Placeholders in origin files are replaced during individualization:

public class $EntityName$ {
    private String name = "$DefaultName$";
    private int $AttributeName$ = $RandomNumber$;
    // Relation example
    public $RelatedEntity$ getRelated() {
        return related;
    }
}
  • $EntityName$: Selected object name (e.g., “Car”).
  • $DefaultName$: From object-variation fields.
  • Relations may generate extra code or files.

For logic variants, files like ShoppingCart_$LogicId$.java are renamed or included based on the selected logic.

Creating the Configuration Files

During divekit init

  • variation.json: Empty skeleton with default sections.
  • individualization.json: Copied from user config or created with defaults (optionally copied from another distribution).

Manual Editing

Edit both JSON files in .divekit/distributions/<name>/. Validate with divekit doctor.

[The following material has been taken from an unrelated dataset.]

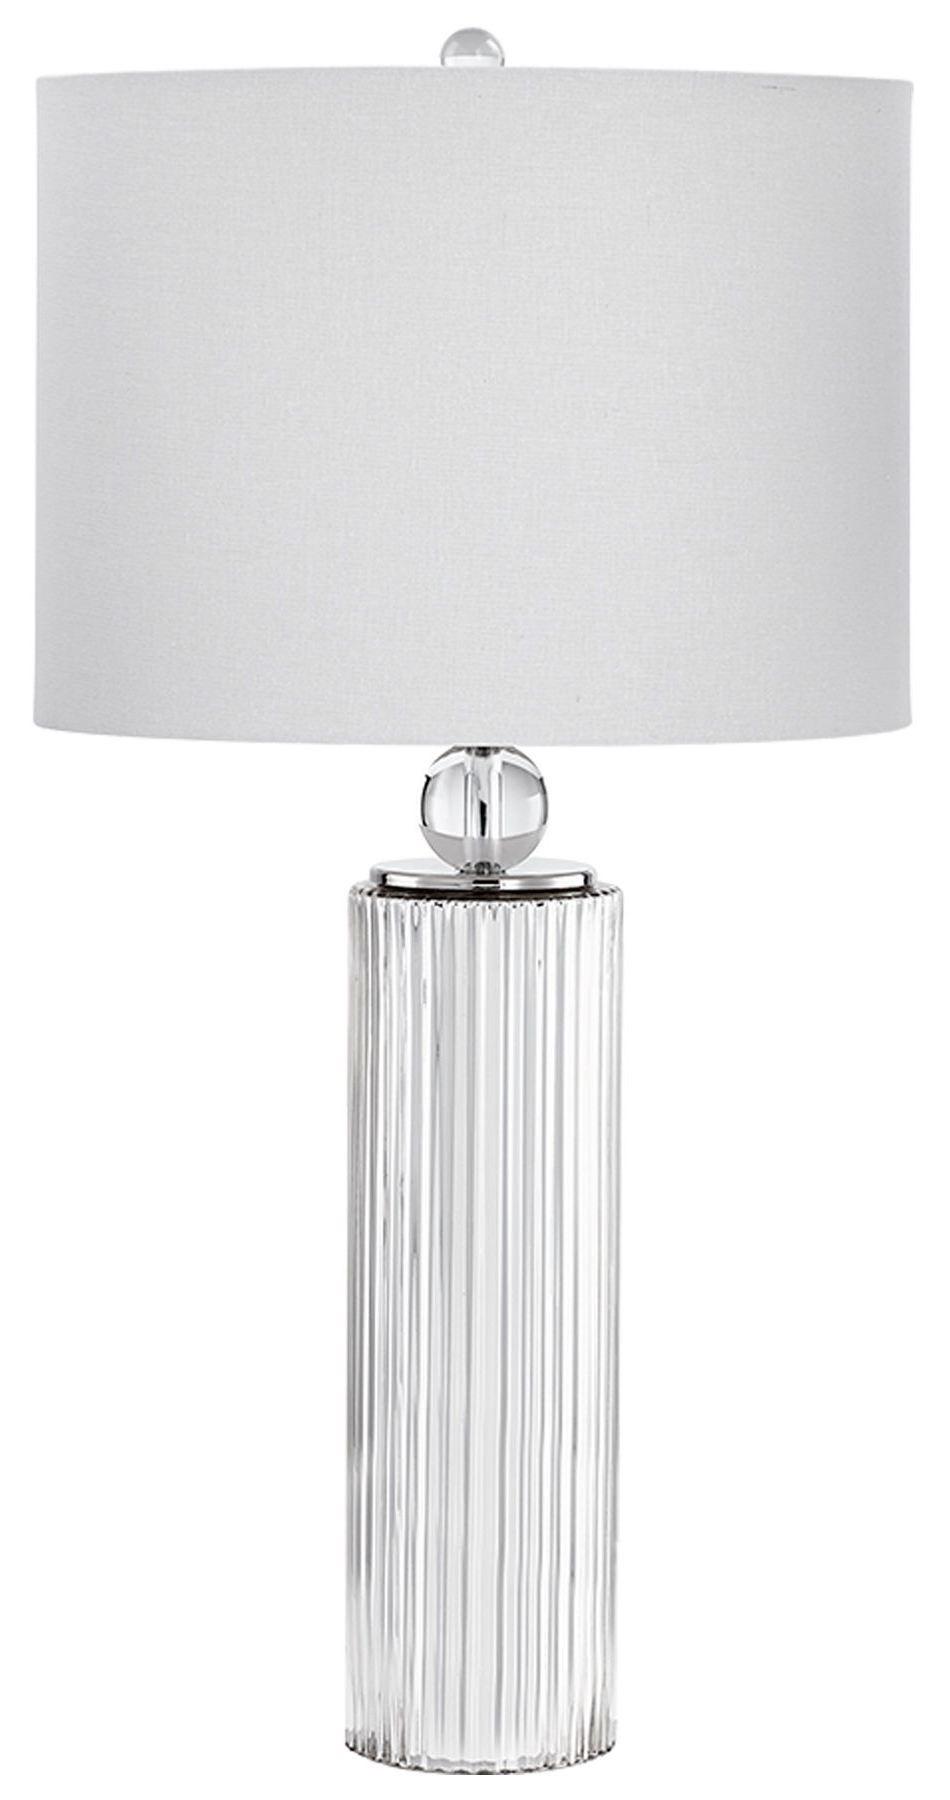 Nickel Lighting CFL Table Lamp 08521 1 Cyan Design

individuals.json (optional)

Created during distribution to record assigned variations per member for reuse (e.g., patches). Not created at init.

Examples

Simple Object Variation

  • Define object “Person” with variations “Student” (age 18–25) and “Teacher” (30–50). Assign “Student” randomly to half the members. Result: corresponding class and fields per repo.

Logic Variant with Lua

  • Logic options “simple” vs “complex” with Algorithm_simple.java / Algorithm_complex.java. Lua generates data based on selected complexity.

Relation Individualization

  • Relation “hasFriend”: choose “one-to-one” or “one-to-many”. Fixed “one-to-many” yields list-based code.

Quality Assurance and Troubleshooting

  • Unresolved tokens: Use --warn-unresolved-tokens true to log warnings.
  • Validation: Run divekit doctor to check configs.
  • Dry runs: Use simulated provider (--provider simulated).
  • Reproducibility: Assigned variations persist in individuals.json (e.g., for late joiners).

Best Practices

  • Start simple; grow complexity gradually.
  • Use Lua for advanced generation.
  • Test with a small member list first.
  • Document variation IDs and logic options.
  • Provide fallbacks to avoid unresolved tokens.

For advanced setups, see the full schema in code or the RE docs under docs/re.